You're looking at Less Wrong's discussion board. This includes all posts, including those that haven't been promoted to the front page yet. For more information, see About Less Wrong.

bogus comments on [Link] AlphaGo: Mastering the ancient game of Go with Machine Learning - Less Wrong Discussion

14 Post author: ESRogs 27 January 2016 09:04PM

You are viewing a comment permalink. View the original post to see all comments and the full post content.

Comments (122)

You are viewing a single comment's thread. Show more comments above.

Comment author: bogus 28 January 2016 06:47:57PM *  1 point [-]

In addition, the entire network needs to learn somehow to determine which parts of the network in the past were responsible for current reward signals which are delayed and noisy.

This is a well-known problem, called reinforcement learning. It is a significant component in the reported results. (What happens in practice is that a network's ability to assign "credit" or "blame" for reward signals falls off exponentially with increasing delay. This is a significant limitation, but reinforcement learning is nevertheless very helpful given tight feedback loops.)

Comment author: RaelwayScot 28 January 2016 07:16:56PM 0 points [-]

Yes, but as I wrote above, the problems of credit assignment, reward delay and noise are non-existent in this setting, and hence their work does not contribute at all to solving AI.

Comment author: Vaniver 28 January 2016 07:31:11PM 1 point [-]

Credit assignment and reward delay are nonexistent? What do you think happens when one diffs the board strength of two potential boards?

Comment author: RaelwayScot 28 January 2016 08:39:37PM *  0 points [-]

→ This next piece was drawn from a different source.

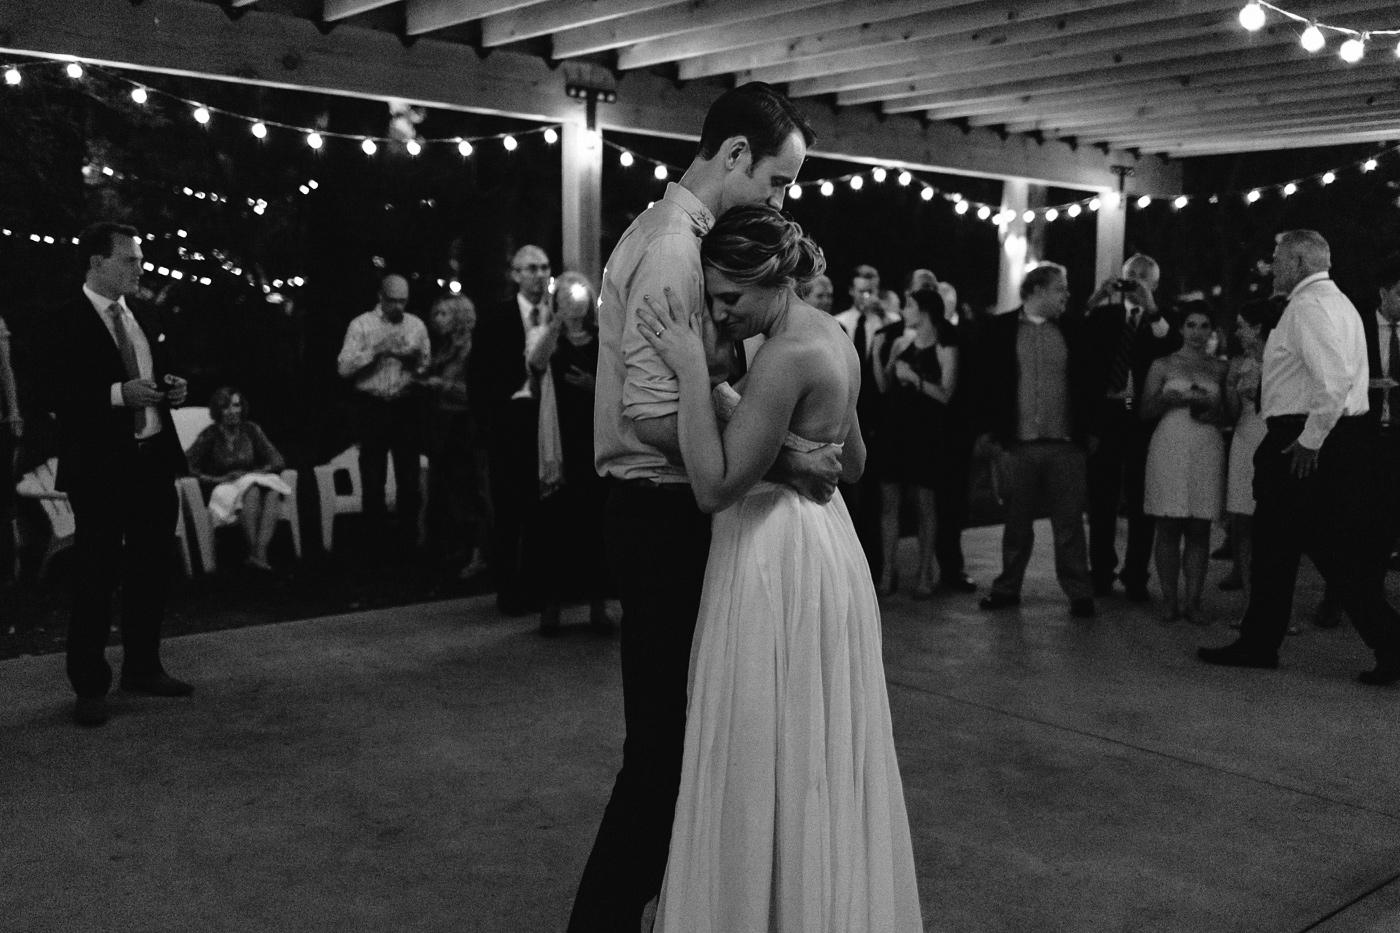 Lyons-Farmette-Wedding-Photographer-Lucy-Austin-Flash-Mob-Dance-73.jpg

"Nonexistent problems" was meant as a hyperbole to say that they weren't solved in interesting ways and are extremely simple in this setting because the states and rewards are noise-free. I am not sure what you mean by the second question. They just apply gradient descent on the entire history of moves of the current game such that expected reward is maximized.

Comment author: Vaniver 28 January 2016 11:17:20PM 2 points [-]

It seems to me that the problem of value assignment to boards--"What's the edge for W or B if the game state looks like this?" is basically a solution to that problem, since it gives you the counterfactual information you need (how much would placing a stone here improve my edge?) to answer those questions.

I agree that it's a much simpler problem here than it is in a more complicated world, but I don't think it's trivial.

Comment author: V_V 28 January 2016 08:32:31PM *  0 points [-]

Reward delay is not very significant in this task, since the task is episodic and fully observable, and there is no time preference, thus you can just play a game to completion without updating and then assign the final reward to all the positions.

In more general reinforcement learning settings, where you want to update your policy during the execution, you have to use some kind of temporal difference learning method, which is further complicated if the world states are not fully observable.

Credit assignment is taken care of by backpropagation, as usual in neural networks. I don't know why RaelwayScot brought it up, unless they meant something else.

Comment author: RaelwayScot 28 January 2016 11:20:24PM 3 points [-]

I meant that for AI we will possibly require high-level credit assignment, e.g. experiences of regret like "I should be more careful in these kinds of situations", or the realization that one particular strategy out of the entire sequence of moves worked out really nicely. Instead it penalizes/enforces all moves of one game equally, which is potentially a much slower learning process. It turns out playing Go can be solved without much structure for the credit assignment processes, hence I said the problem is non-existent, i.e. there wasn't even need to consider it and further our understanding of RL techniques.

Comment author: Vaniver 28 January 2016 11:19:29PM 0 points [-]

thus you can just play a game to completion without updating and then assign the final reward to all the positions.

Agreed, with the caveat that this is a stochastic object, and thus not a fully simple problem. (Even if I knew all possible branches of the game tree that originated in a particular state, I would need to know how likely any of those branches are to be realized in order to determine the current value of that state.)

Comment author: V_V 29 January 2016 12:11:12AM *  0 points [-]

Even if I knew all possible branches of the game tree that originated in a particular state, I would need to know how likely any of those branches are to be realized in order to determine the current value of that state.

Well, the value of a state is defined assuming that the optimal policy is used for all the following actions. For tabular RL you can actually prove that the updates converge to the optimal value function/policy function (under some conditions). If NN are used you don't have any convergence guarantees, but in practice the people at DeepMind are able to make it work, and this particular scenario (perfect observability, determinism and short episodes) is simpler than, for instance that of the Atari DQN agent.